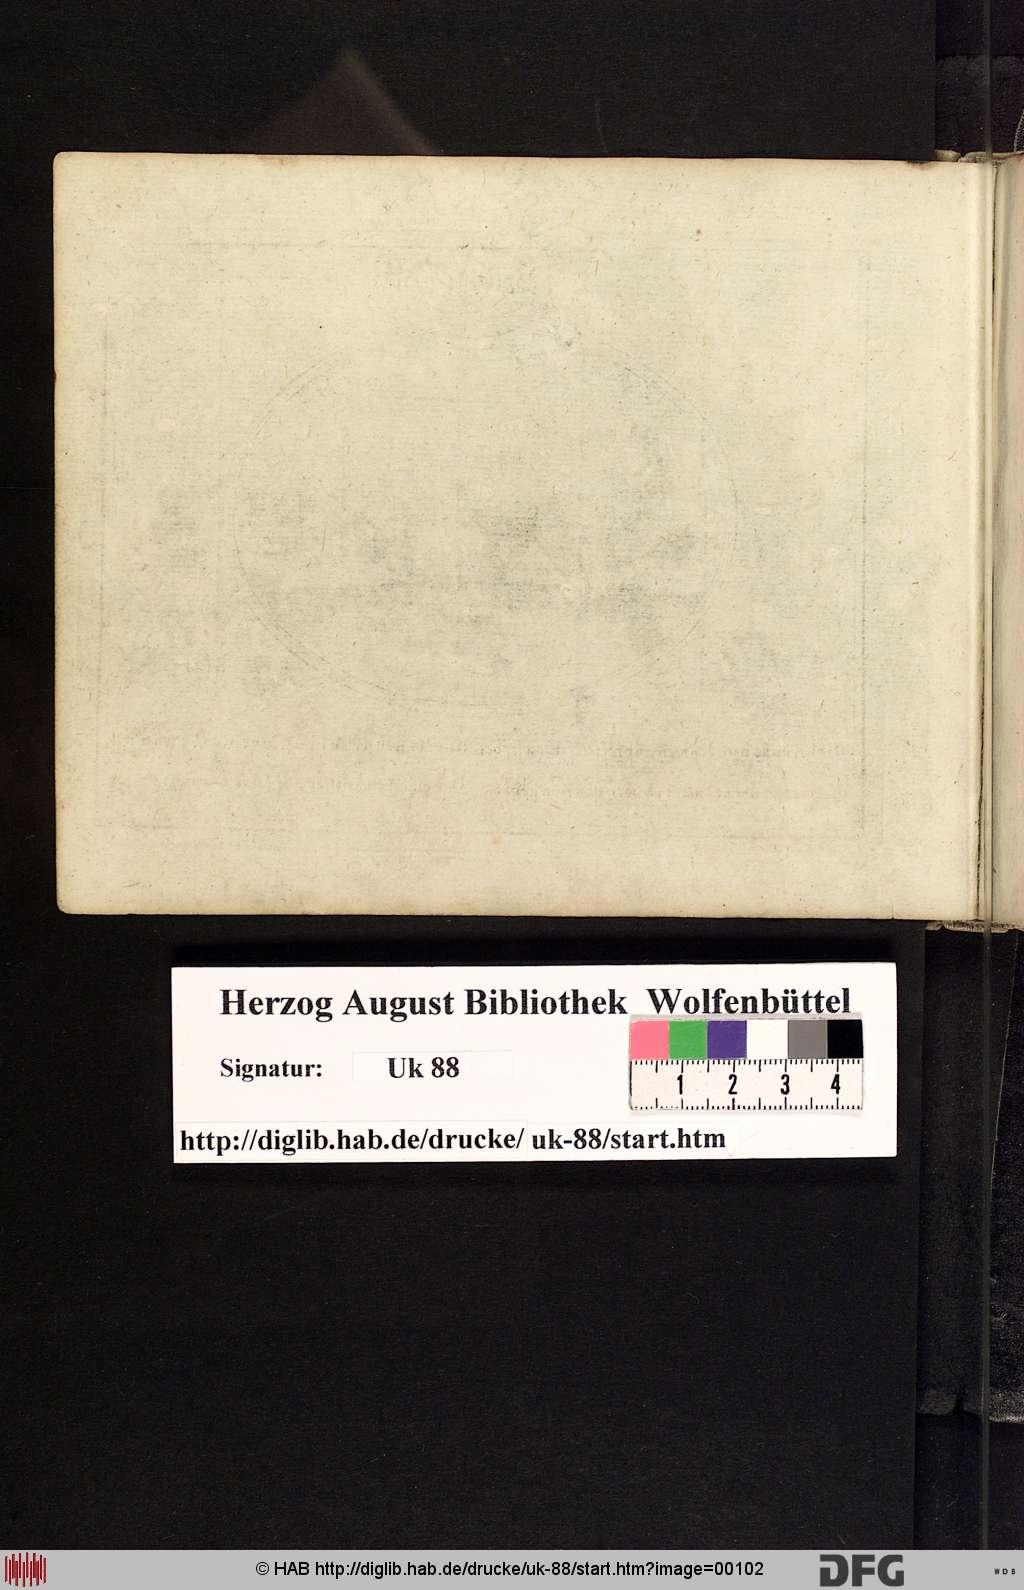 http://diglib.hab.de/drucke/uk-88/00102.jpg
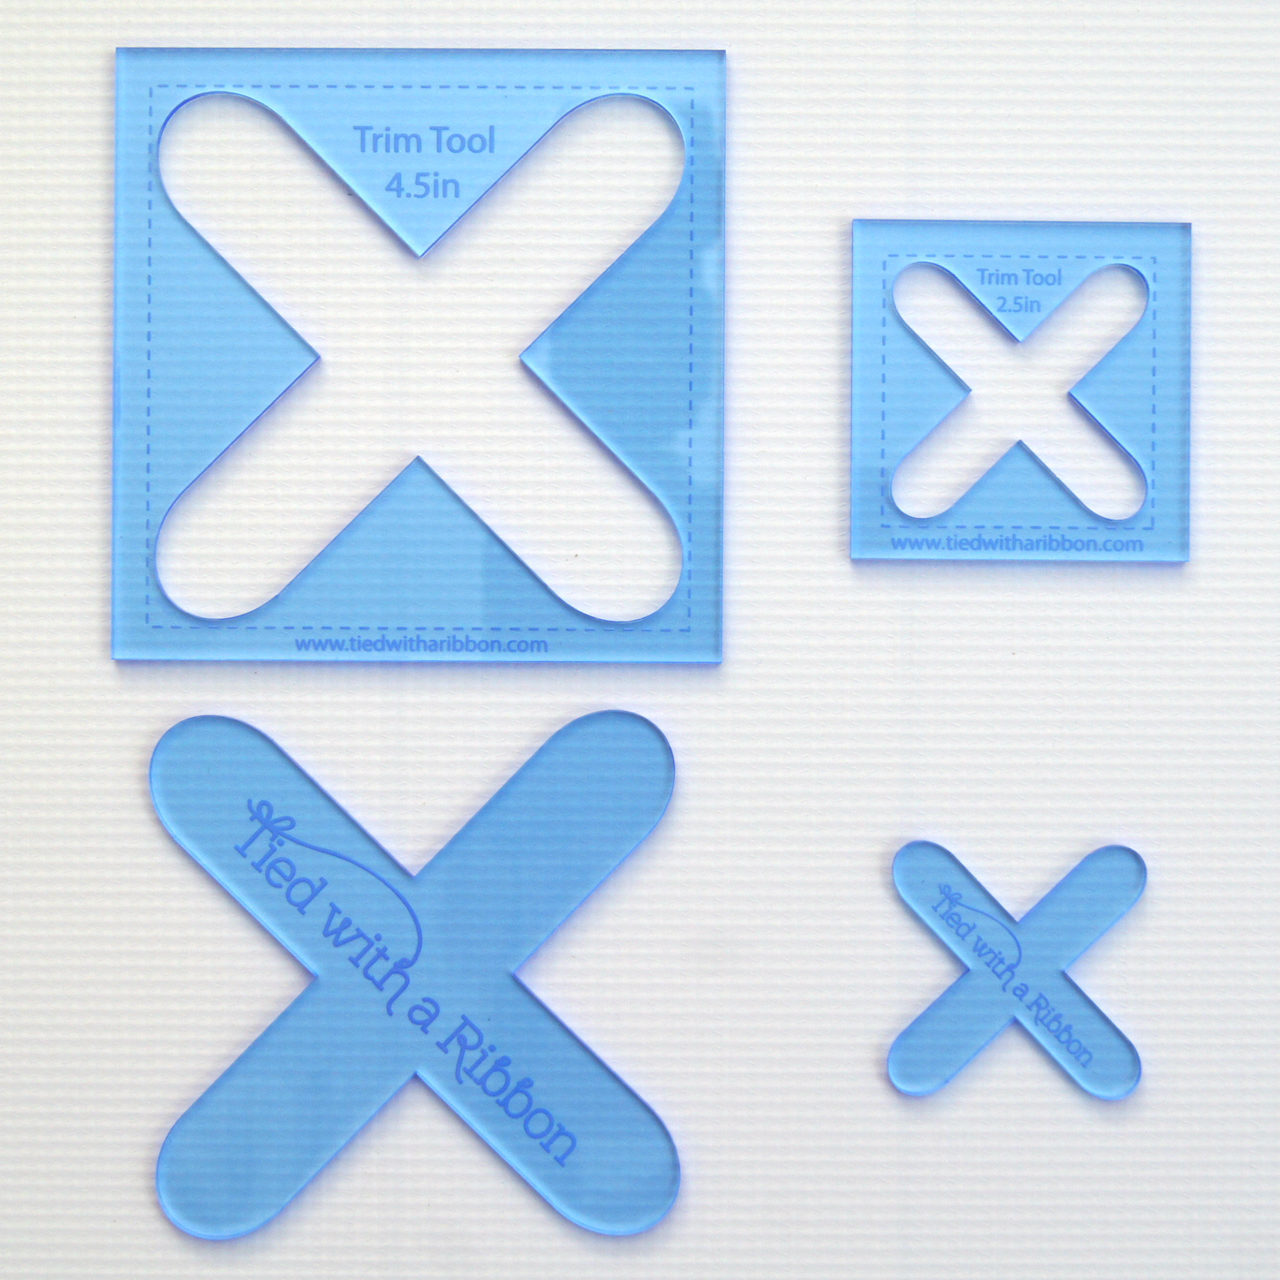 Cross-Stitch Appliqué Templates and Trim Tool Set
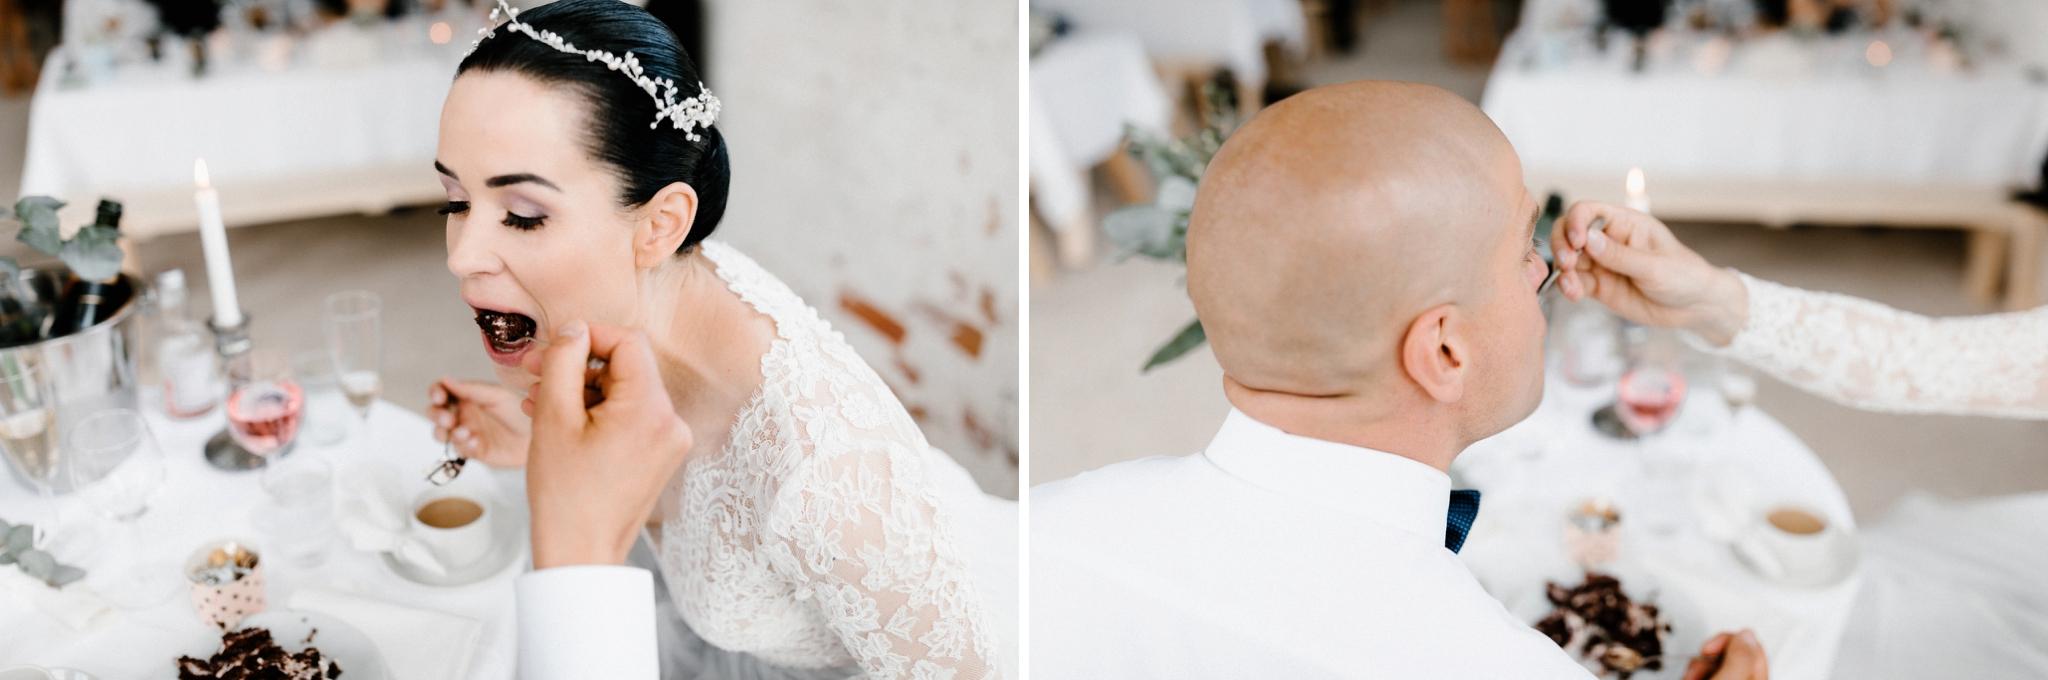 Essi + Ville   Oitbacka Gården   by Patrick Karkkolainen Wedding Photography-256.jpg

● Description of the task: Transcribe the listing exactly. Its images are to be omitted.

● Answer box:
 http://diglib.hab.de/drucke/uk-88/00102.jpg
 Cross-Stitch Appliqué Templates and Trim Tool Set
 Essi + Ville   Oitbacka Gården   by Patrick Karkkolainen Wedding Photography-256.jpg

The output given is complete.